This is actually why I often like to translate in three (or in this case four) lines.  First tlhIngan Hol, then a gloss over (which may be literal or or how a Klingon might say it in English) followed by the vernacular English.

qa-    legh  -neS
I->you see [honorific]  (most literal)
I see you, your honor   (English gloss)
I am honored to see you.     (proper vernacular Terranglo English[English as spoken on most of "Western" Earth])

   This helps us understand that words mean things, and there is more than one way to say things in any language.  And each language is different as to how things 'should be' phrased.  "I see you, your honor" would be a bit unusual for an English speaker to say, but ultimately it is ostensibly meant to be perceived roughly semantically identical to how the phrase "I am honored to see you" is used in English.  What it really means I will discuss below.


Quote
But I finally realized what bothers me about this phrase: it's so humble, so unKlingon, so Human: "I'm honored to be here"?!  Hu'tegh!, how about "You should feel honored that I'm here"!

    jIQochneS ter'eS   I disagree, noble Teresh.   

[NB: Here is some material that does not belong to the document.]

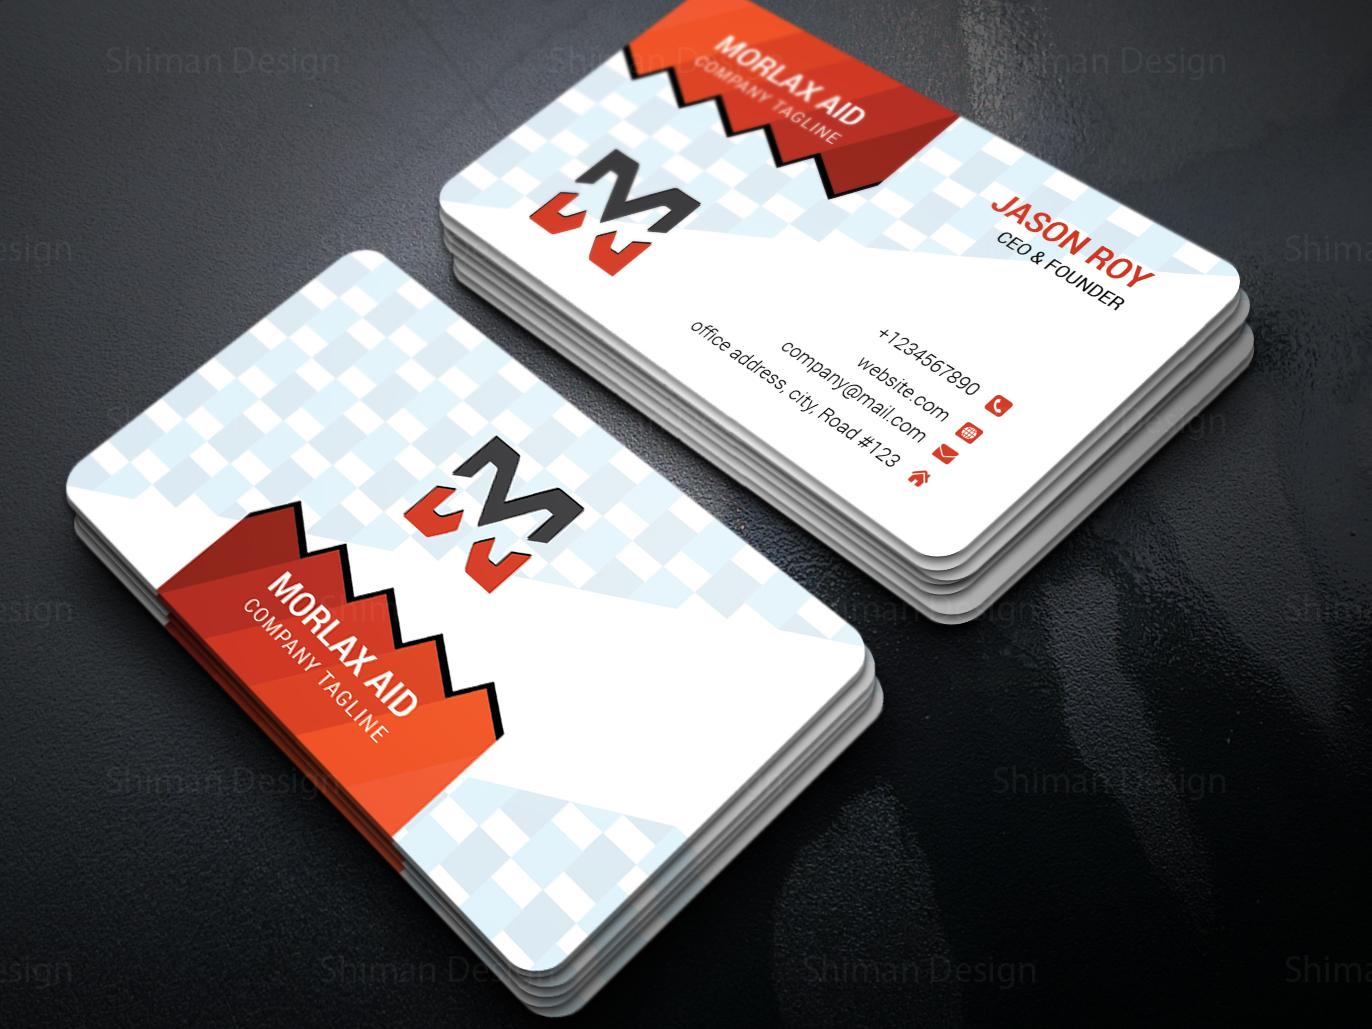 Business Card id card creative business card unique business card 300dpi print ready business card template business card mockup business card design business card illustration photoshop illustrator design business identity branding

    You can't have a system based on honor if you don't have many ways to recognise the honor in others.   Acknowledging the honor in another who has earned it also adds to your own honor.  It shows you understand honor enough to recognise it in others.  If every Klingon went around demanding others honored him but refused to honor others, there could be no enduring power structures.  One should be honored to be in front of the Chancellor, or the high Council, or aboard a warship or I would arrogantly add on one of the most enduring forums for disagreeing and thought warfare.  Thumbs up! Cheesy Klingon Grin

    The reason it sounds wrong, is that in the back-translation into English the words become hollow and meaningless.   Native Teranglo English speakers will say these words and not mean them.  When a Klingon says these words, they mean them.  When Terrans use these words, they are almost always either pleading in front of a magistrate, sarcastic, or sycophantic.  The difference is far fewer Klingons would use these words to try to appease or gain favour.  I think it is because unlike Terrans, Klingons have little patience for sycophants and those who wrap themselves in other's honor by make no effort to be inspired by them to earn their own honor.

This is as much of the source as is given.